General Relativity-Variational approach

[QED_81]

Homework Statement

Hi,
I am given the following action S:
S=1/2∫〖g^ab ((∇_a Ф ∇_b Ф)+(1/6 R_ab Ф^2) ) √(-g) dx^4 〗

Where R_ab is the Ricci tensor, Ф is a scalar field and g^ab is the metric.

I am asked to find the equation of motion for the field.

Homework Equations

I know I have to substitute my Lagrangian: L= 1/2 g^ab ((∇_a Ф ∇_b Ф)+(1/6 R_ab Ф^2) )

into the Euler-Lagrange equations, but I don't know in which EL equation exactly!

The Attempt at a Solution

I mean should I use the EL equation where Ф and ∇_b Ф are my independent components? Or should I use the 2nd order EL equations where g_ab; g_ab,c & g_ab,cd are my independent components (as in the Einstein Hilbert action)?


Thanks :)

 

[mark726]

Dear student,

Thank you for sharing your question on the forum. I can provide you with some guidance on how to approach this problem.

Firstly, it is important to understand the concept of the Euler-Lagrange equations. These equations are used to find the equations of motion for a given Lagrangian, which in turn describes the dynamics of a system. In this case, your Lagrangian is given as L= 1/2 g^ab ((∇_a Ф ∇_b Ф)+(1/6 R_ab Ф^2) ), and you are asked to find the equation of motion for the scalar field Ф.

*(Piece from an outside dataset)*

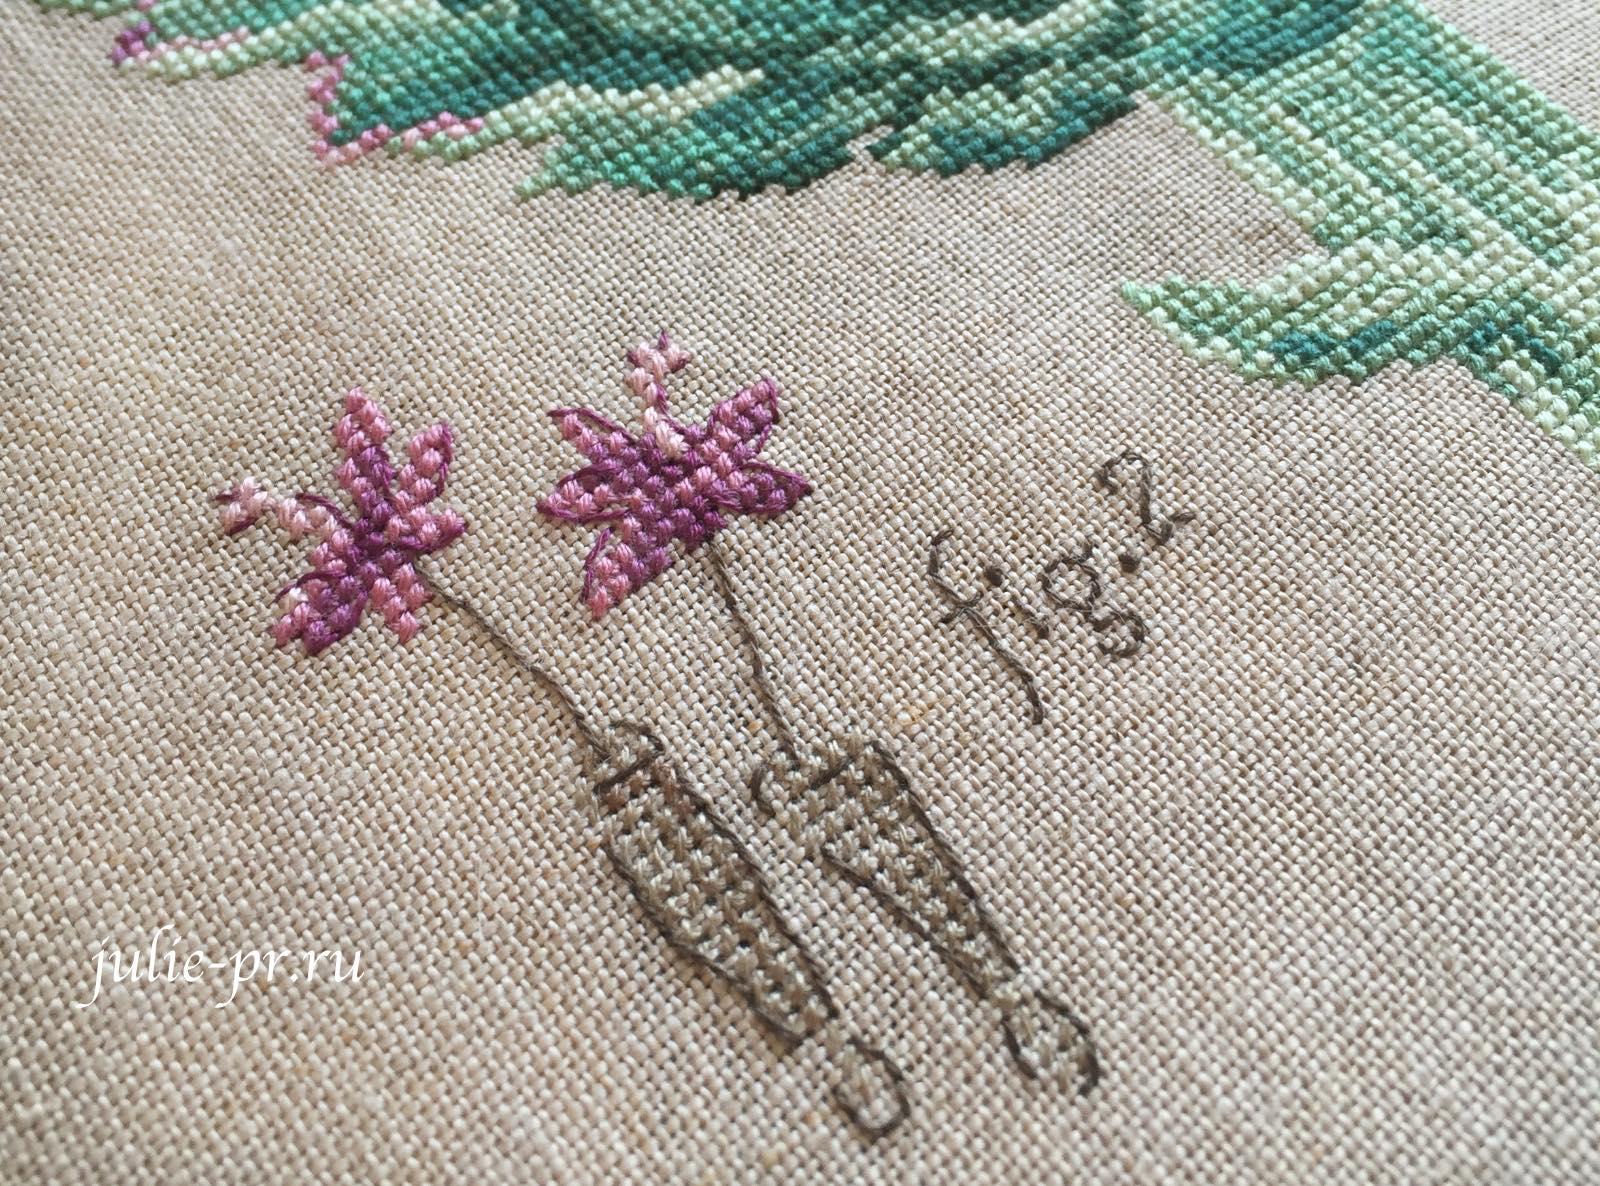 Артишок, вышивка крестом, Veronique Enginger, les brodeuses parisiennes, парижские вышивальщицы
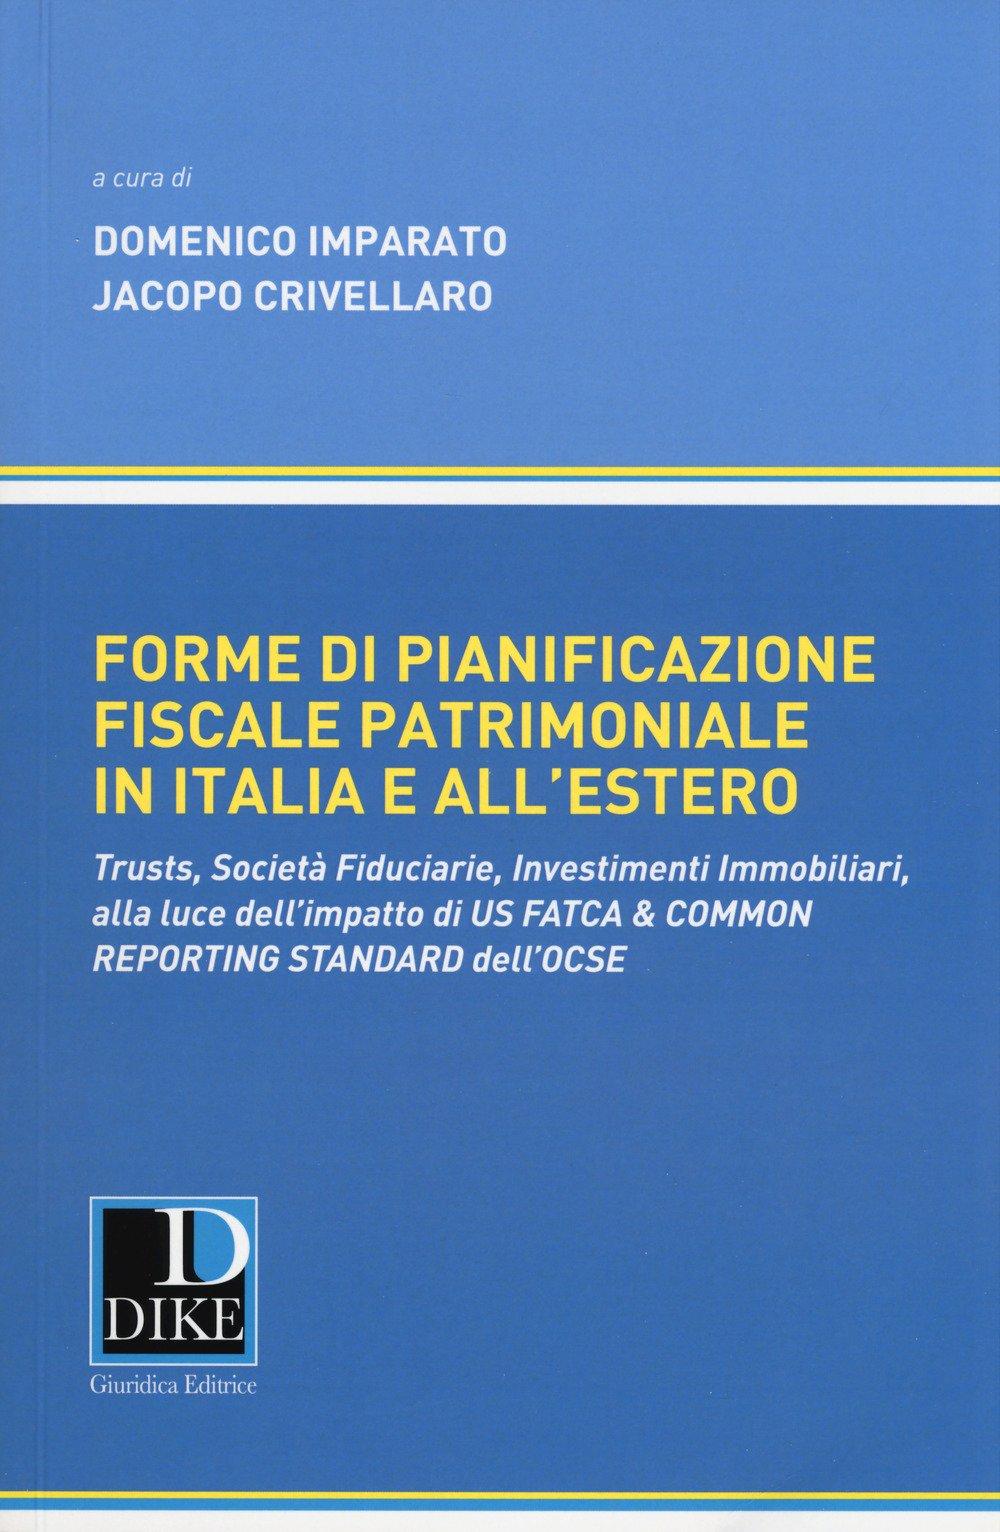 Forme di pianificazione fiscale patrimoniale in Italia e all'estero. Trusts, società fiduciarie, investimenti immobiliari, alla luce dell'impatto di

To do this, you will need to use the Euler-Lagrange equations for the scalar field Ф, which are given as:

∂L/∂Ф - ∂/∂x^μ (∂L/∂(∂x^μ Ф)) = 0

where L is your Lagrangian and x^μ represents the independent variables (in this case, the coordinates x, y, z, and t).

Next, you will need to substitute your Lagrangian into the above equation and solve for the equation of motion for Ф. This will involve taking derivatives with respect to Ф and its derivatives (∂Ф/∂x, ∂Ф/∂y, ∂Ф/∂z, and ∂Ф/∂t).

I hope this helps you in finding the equation of motion for the scalar field Ф. If you need further clarification or assistance, please do not hesitate to ask. Good luck!